À son réveil, elle se trouva mieux et appela la pucelle :

– Belle cousine, lui dit-elle, me feriez-vous bien un message ? Mais, si vous n’étiez sage et discrète, j’en mourrais de chagrin.

– Dame, je suis de votre lignage et votre plus proche parente : si vous me manquiez, tout me manquerait, car je n’attends nul bien en ce monde que de vous.

– Il vous faut donc aller en Gaule et chercher là le château de Trèbe. Tout auprès s’élève une abbaye jadis bâtie en mémoire du roi Ban : on la nomme le Moutier royal ; elle se dresse sur une colline, auprès d’un lac. Pénétrez hardiment dans cette eau, car ce n’est qu’enchantement ; ou, si vous n’avez le cœur de le faire, attendez d’y voir entrer quelqu’un et suivez-le. Vous y trouverez de belles maisons et de sages et courtoises gens à qui vous demanderez de vous conduire à la Dame du Lac, qui a nom Viviane. Et, quand vous serez devant elle, vous la supplierez de venir à moi et vous lui remettrez ce message.

Comme elle achevait ces mots, le roi entra dans la chambre, qui fut tout joyeux de la voir assise sur son lit.

– Dame, demanda-t-il, comment vous sentez-vous ?

– Sire, non plus si malade qu’hier, Dieu merci.

– Avez-vous mangé ? fit-il.

– Sire, oui, un peu.

– Je voudrais bien que vous pussiez vous lever et venir causer avec mes chevaliers : peut-être en apprendriez-vous des nouvelles qui vous réconfortassent.

– Sire, je suis encore trop faible.

– Je m’en vais donc, car il est temps de dîner.

Là-dessus, il sortit et annonça à tout le monde qu’elle se trouvait mieux. Aussitôt les dames et demoiselles accoururent dans la chambre de la reine, et elles s’efforcèrent de l’égayer ; mais comment aurait-elle eu quelque joie au cœur, quand elle avait perdu celui dont toute joie lui venait ?

Le lendemain, elle remit à sa cousine une robe de soie, avec la cotte et le manteau pareils, pour chevaucher, et un autre manteau, très beau, à vêtir dans les hautes cours. Puis elle fit amener le meilleur de ses palefrois qui fut garni aussi richement que possible. Enfin elle donna à la demoiselle un nain bien emparlé, qui connaissait une foule de langages, et un écuyer preux et hardi pour l’escorter. Et, les coffres chargés sur les sommiers, la demoiselle s’en fut droit vers la Gaule, avec ses gens.

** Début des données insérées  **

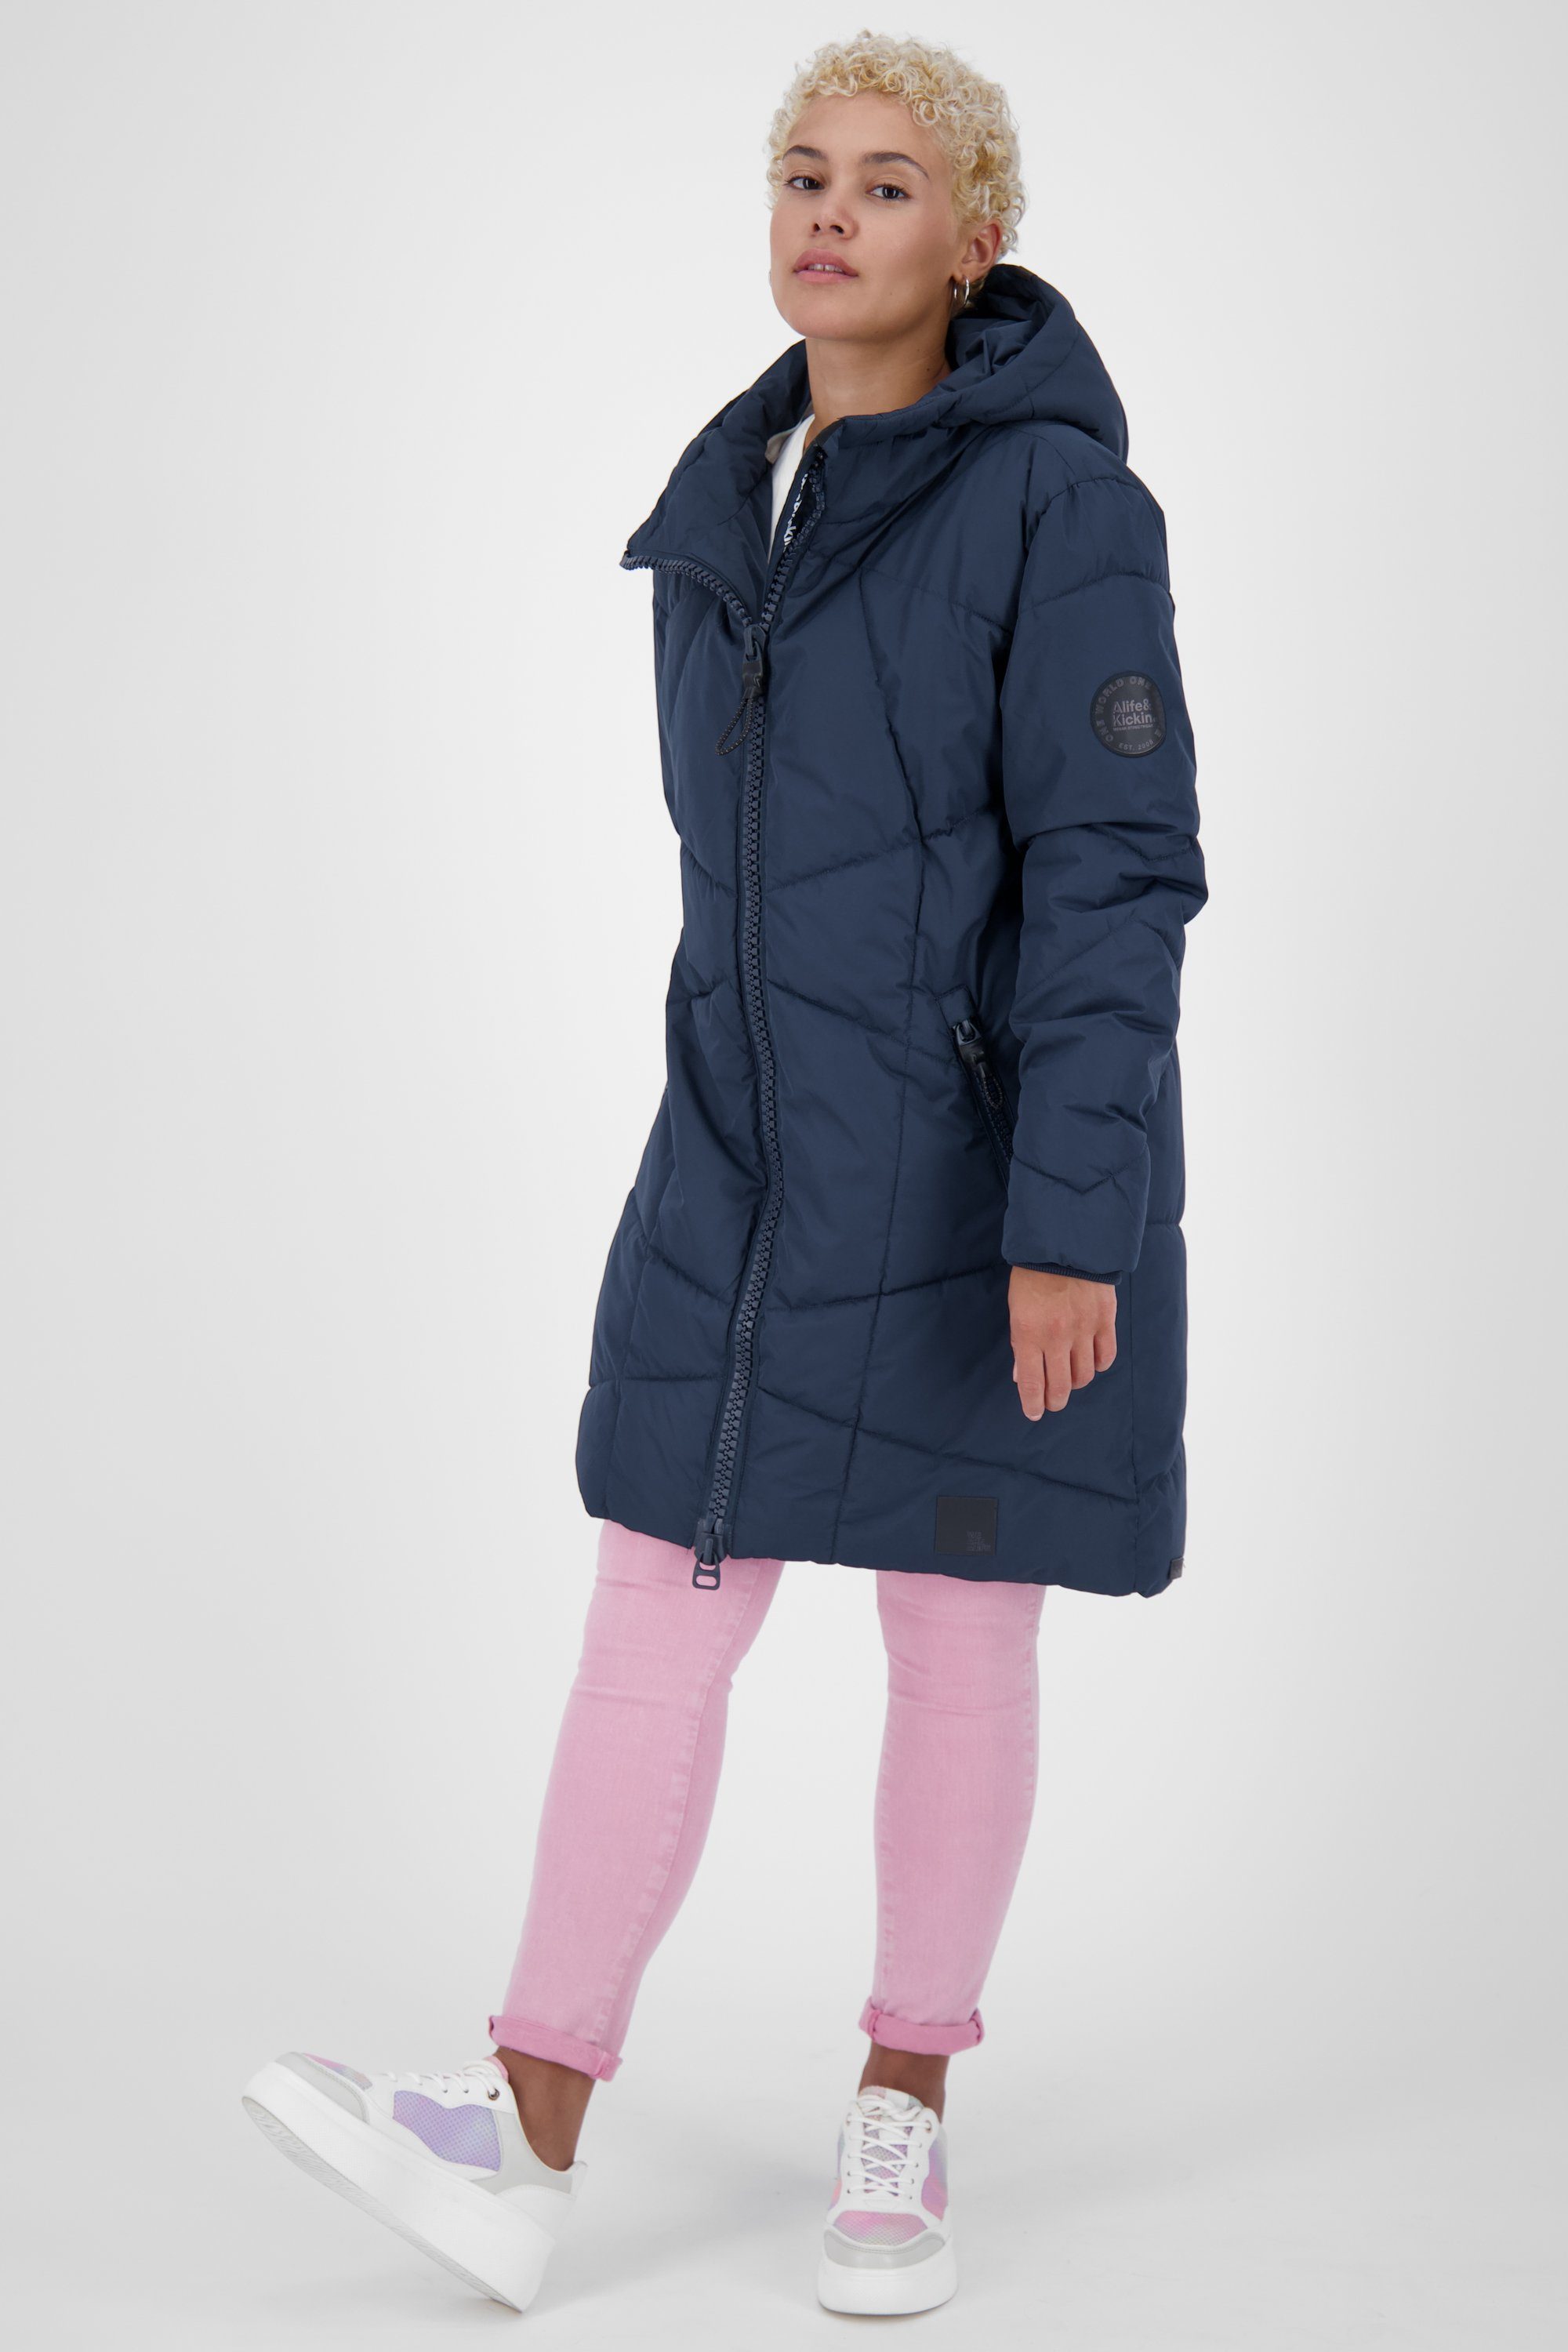 Alife & gefütterte Kickin Damen Coat Jacke Winterjacke, A KasiaAK marine Winterjacke

La reine avait monté sur la plus haute tour pour la voir s’éloigner. Quand sa cousine eut disparu dans la forêt, le cœur lui manqua. Mais, en baissant les yeux, elle vit à son doigt un anneau que Lancelot lui avait donné, et cela la réconforta un peu. Puis elle descendit dans sa chambre et pria Notre Seigneur de lui envoyer des nouvelles de celui qu’elle désirait, telles qu’elle pût être joyeuse.

Et ce fut peu après que Lionel revint à Camaaloth : il conta comment il avait quitté Lancelot sain et sauf devant le château où l’avait conduit la vieille, et la reine s’en réjouit fort, et le roi Artus et toute la cour comme elle. Mais le conte dit maintenant ce qu’il advint de sa cousine, qui chevauchait vers la Dame du Lac.